Nub Of Kafka

Kafka is an open source pub-sub messaging system developed by Linked-in that receives data from disparate source systems and makes the data available to target systems in real time.

A Kafka cluster consists of multiple brokers which host multiple topics.Each topic further consists of multiple partitions.Each partition contains messages having the same key and are in order

Main entities involved in a kafka messaging system are:

  • Producers
  • Consumers
  • Kafka cluster comprising of multiple broker systems
  • Zookeeper cluster

Producers

Producers are responsible for writing messages to the kafka. Producers know to which topic and partition to write to. While the topic name is presented explicitly, partition number could either be mentioned separately or is computed based on the key provided as part of message.
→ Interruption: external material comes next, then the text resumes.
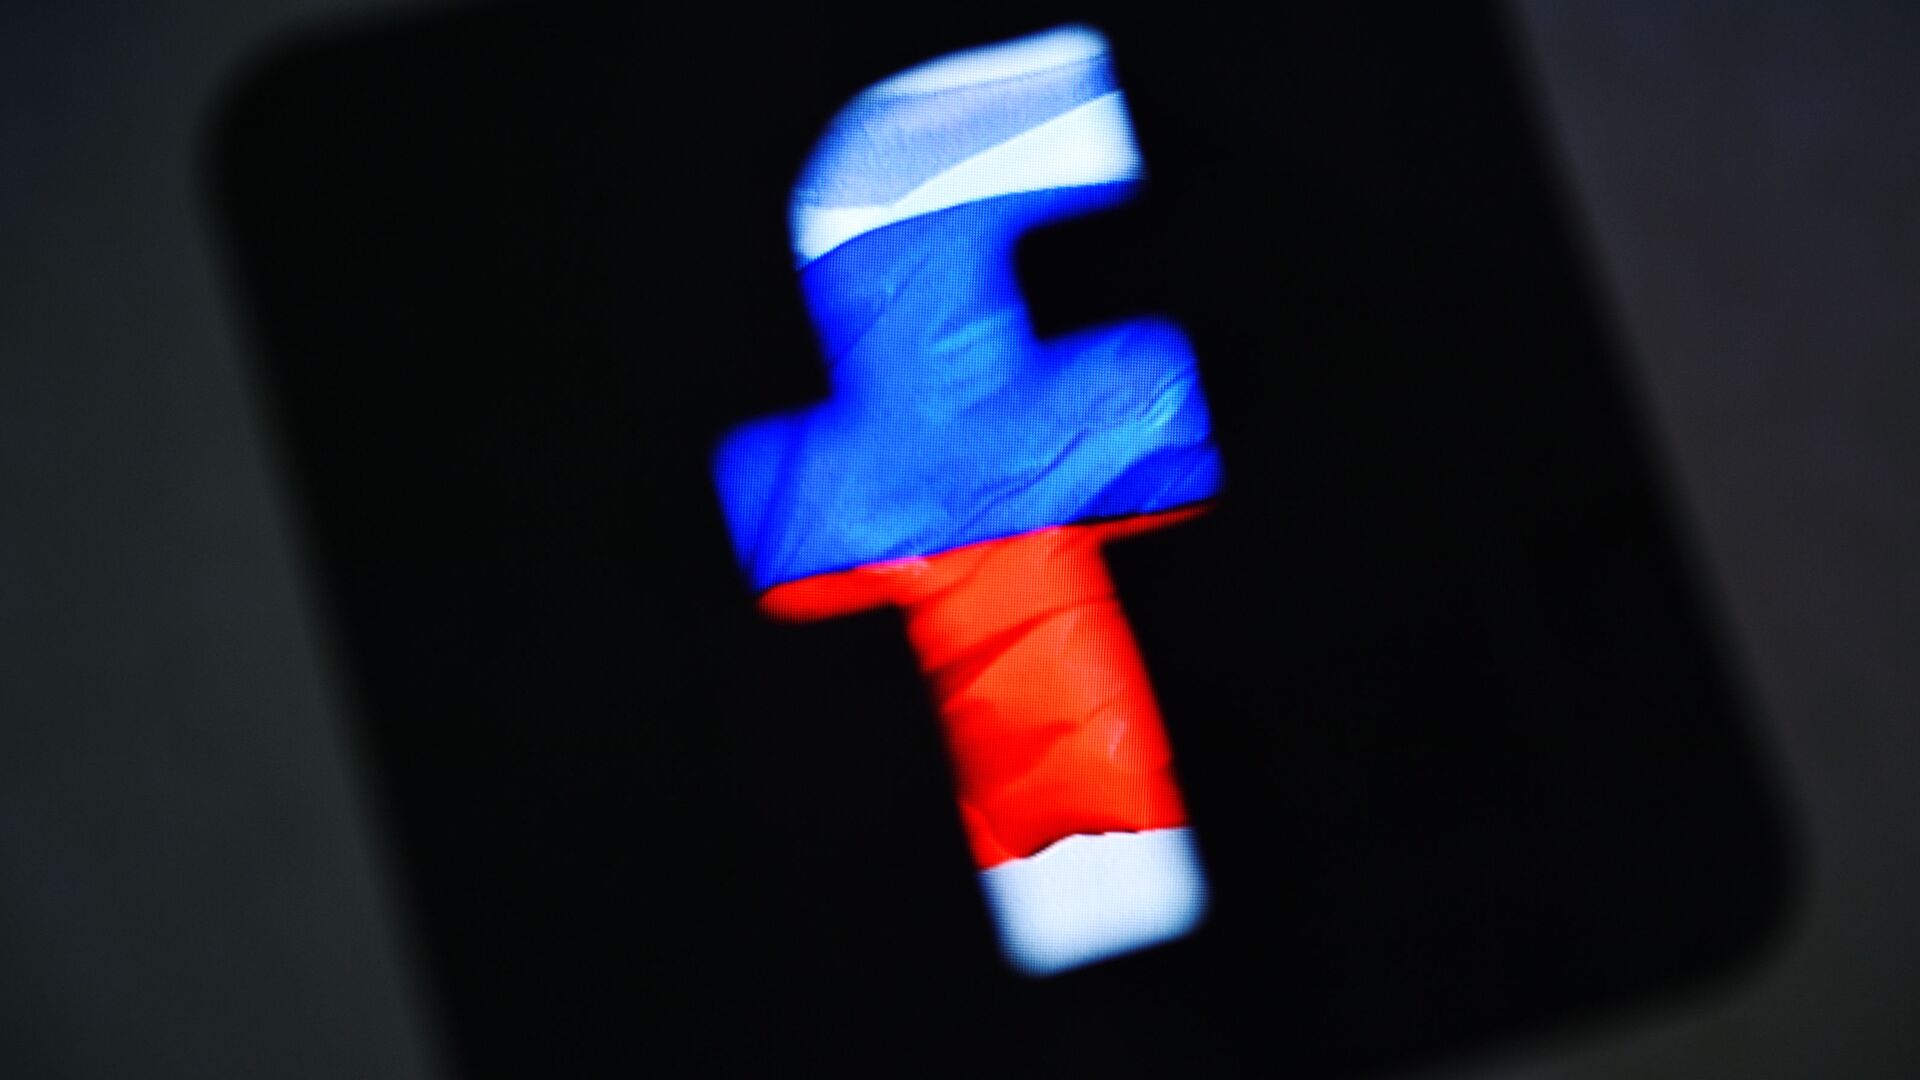 Лого друштвене мреже Фејсбук у бојама руске заставе - Sputnik Србија, 1920, 24.05.2021

In case message key is empty, the partition number is chosen in a round robin fashion by the cluster.

The message is always passed to the leader of the partition.

Considerations while producing:

Durability or Resiliency: This is taken care by the acks configuration.

  • acks=0, no acknowledgement is sent
  • acks=1, producer waits for acknowledgement from the leader and ensures the message is written in leaders log.
  • acks=all, producer waits for acknowledgement from the leader and ensures the message is written by all ISR(In sync replicas).

Higher throughput could be achieved by keeping ack to a lower number.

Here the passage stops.